▸ Source data:
Start of Block
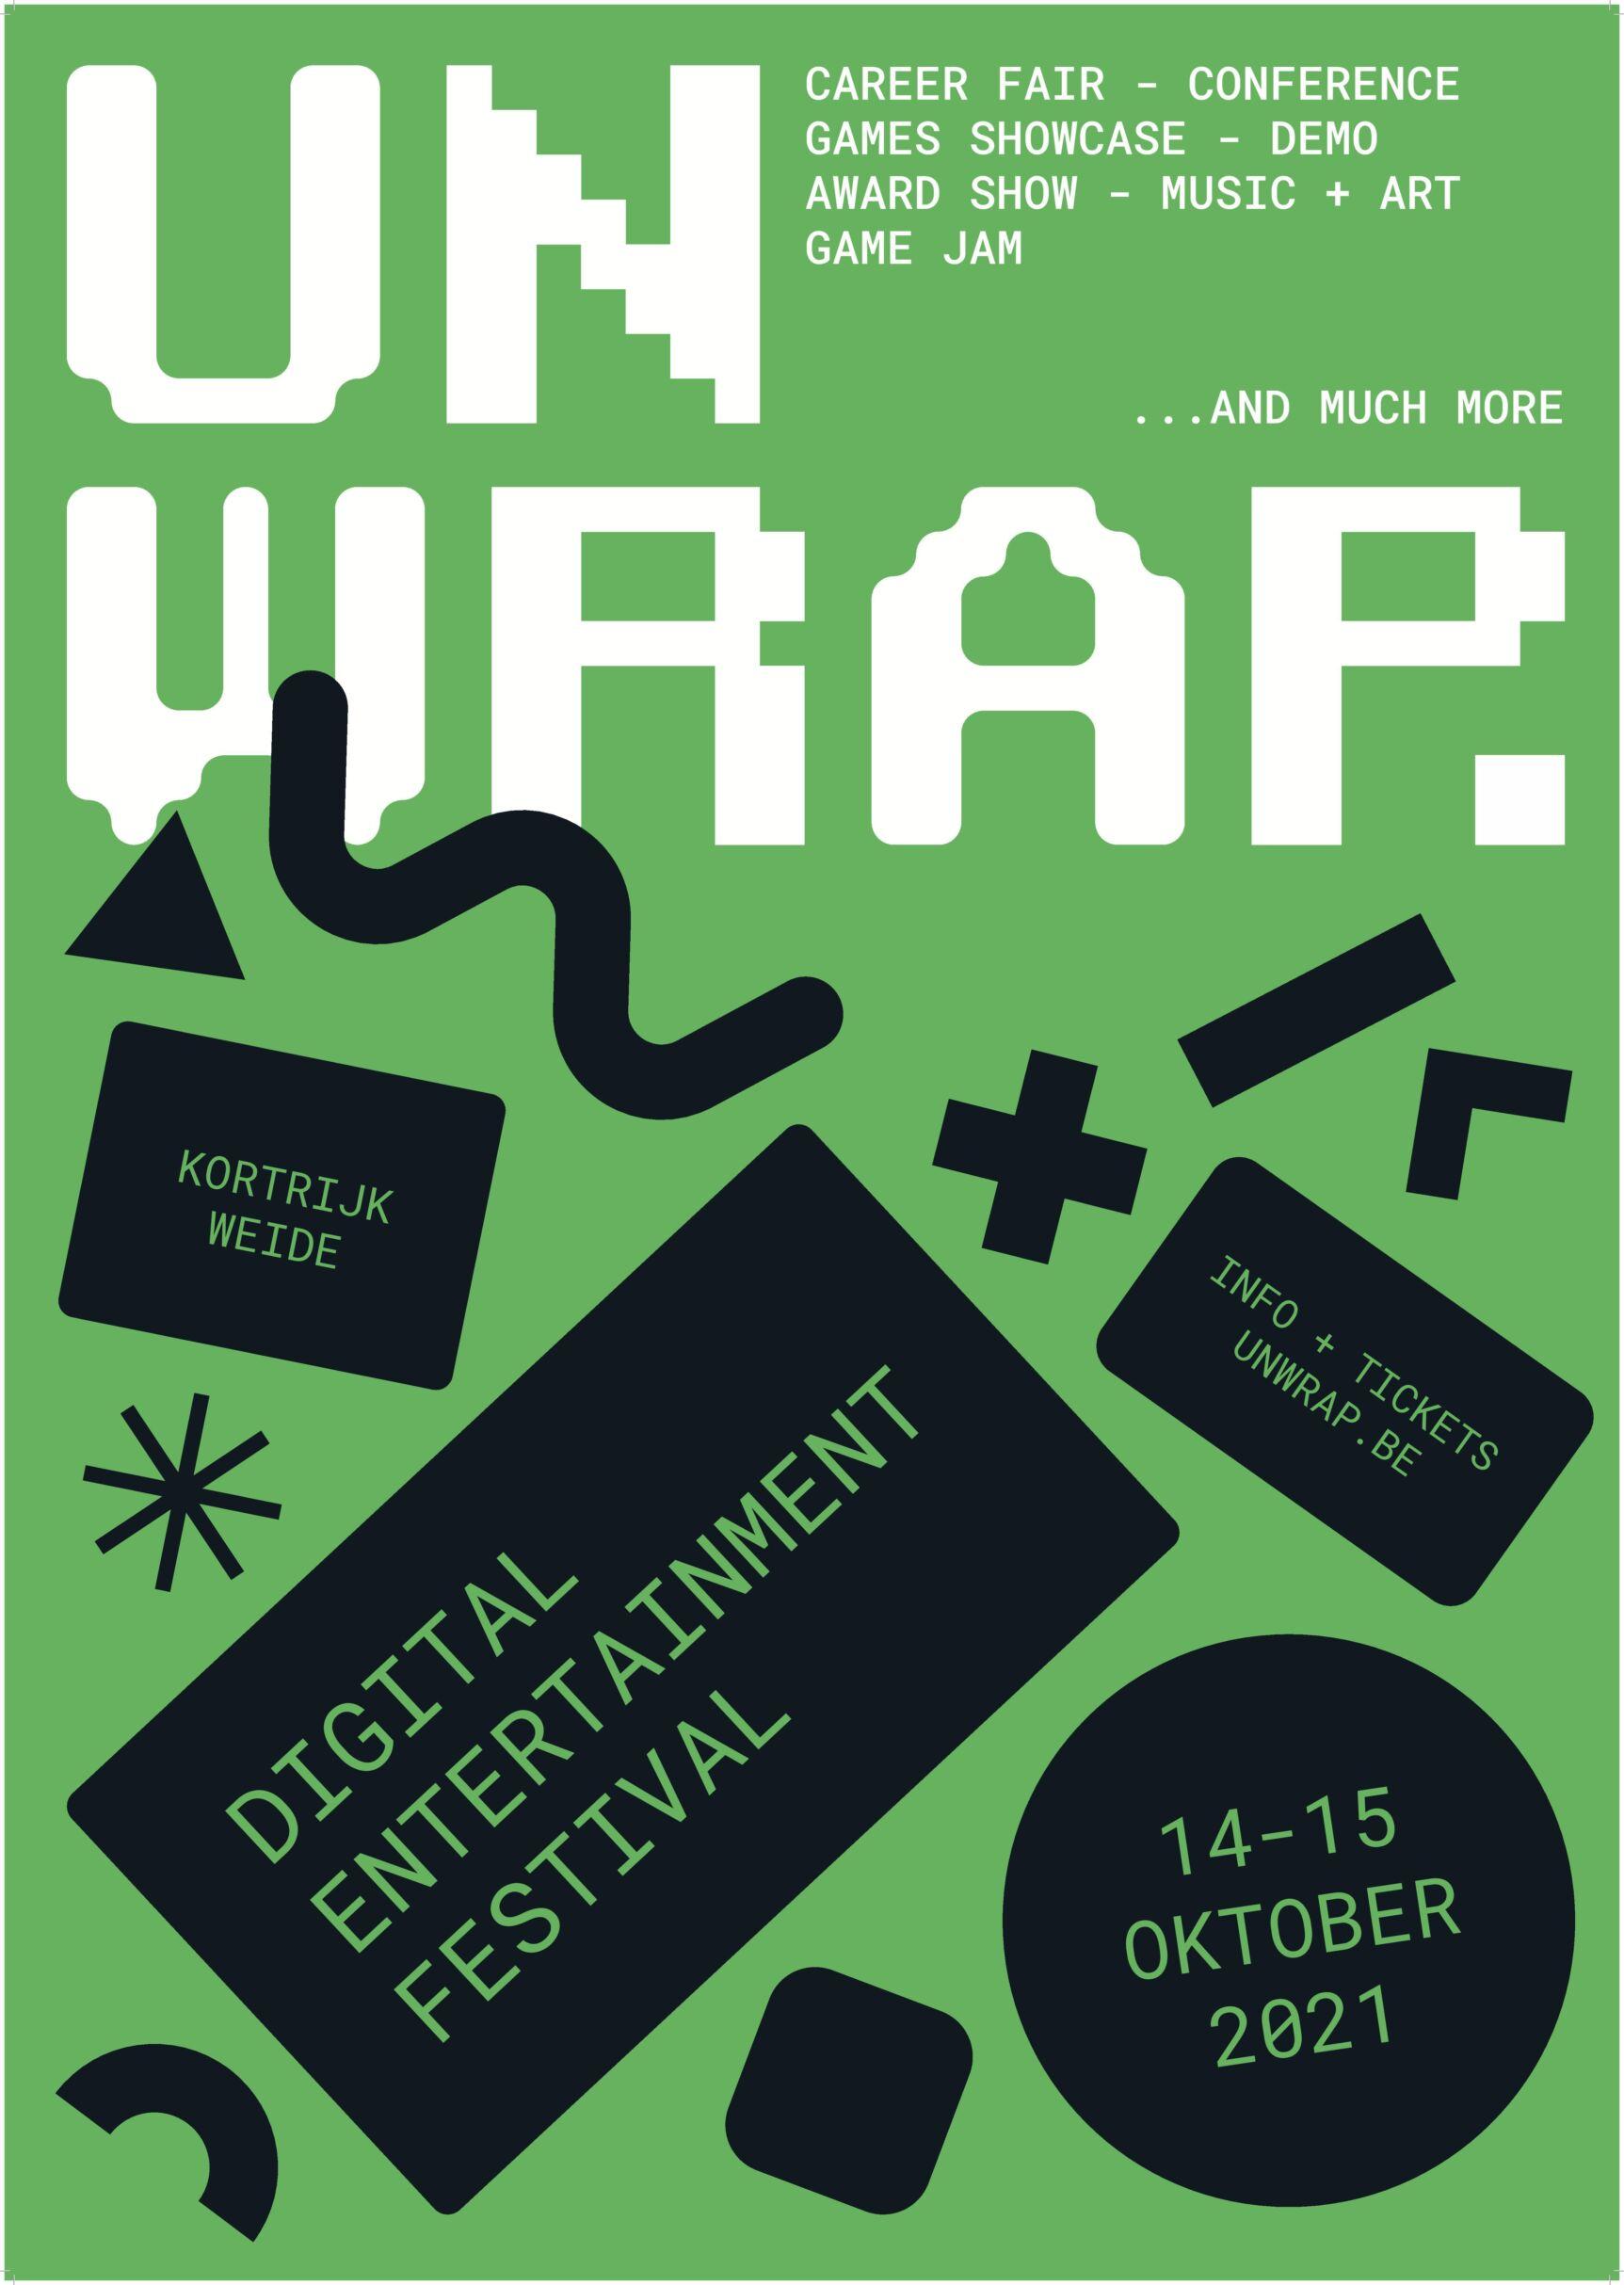 396221 Unwrap festival affiche 5567ac original 1626071908klein
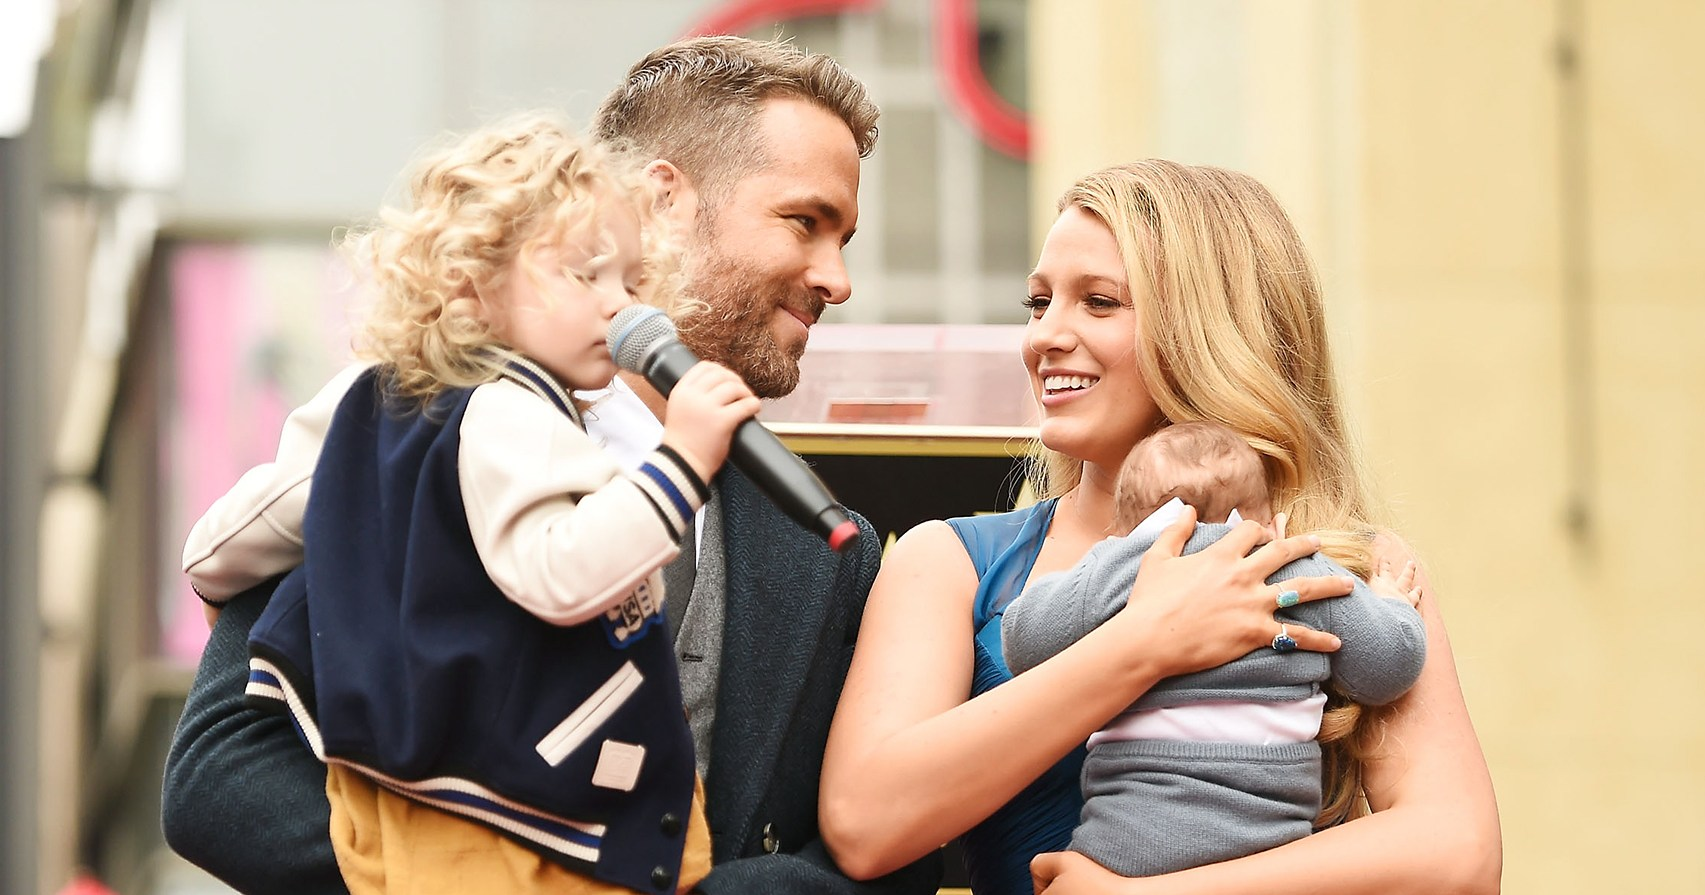 Ryan Reynolds Says 'No' to Having Baby No. 3 Soon
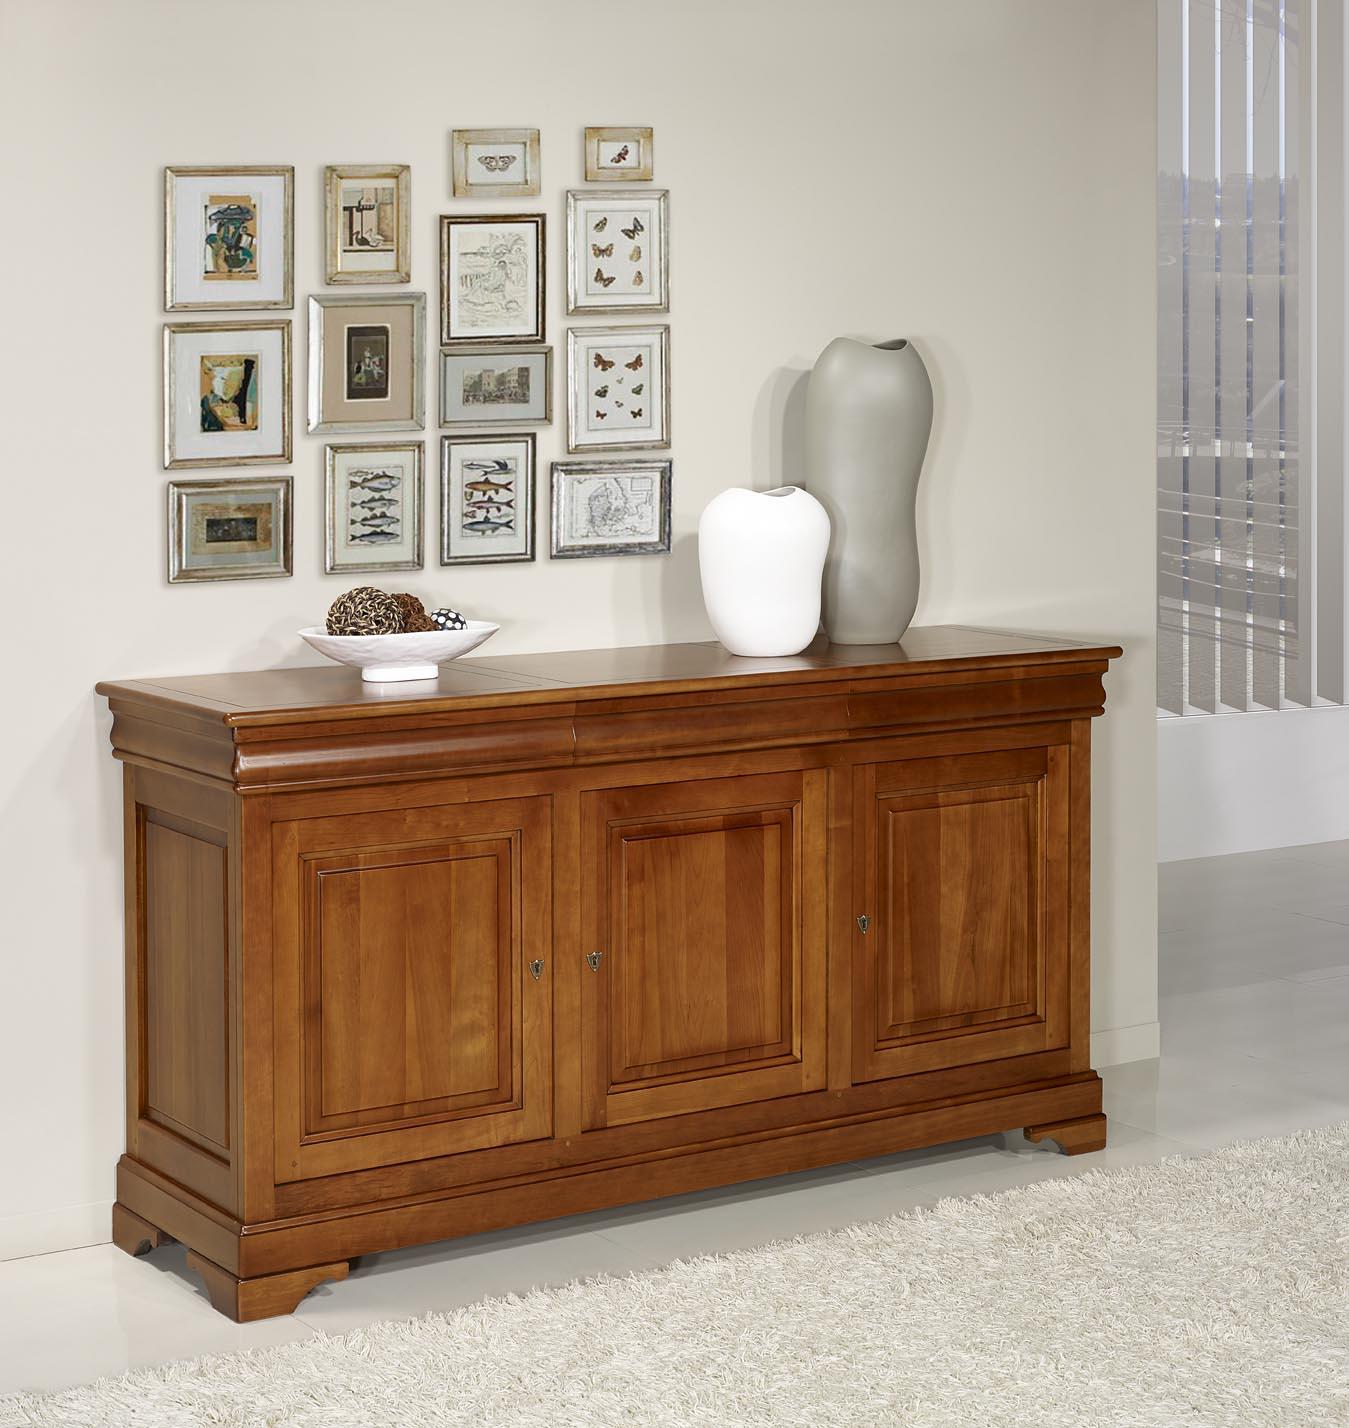 Buffet 3 portes 3 tiroirs en merisier massif de style louis philippe meuble en merisier massif - Petit meuble merisier louis philippe ...
End of Block
▸ Task to carry out:
Word for word, restate only the lines from the one bearing "Ryan Reynolds Says" through the final line of the listing, inclusive, with no pictures.

▸ Answer to this exercise:
 Ryan Reynolds Says 'No' to Having Baby No. 3 Soon
 Buffet 3 portes 3 tiroirs en merisier massif de style louis philippe meuble en merisier massif - Petit meuble merisier louis philippe ...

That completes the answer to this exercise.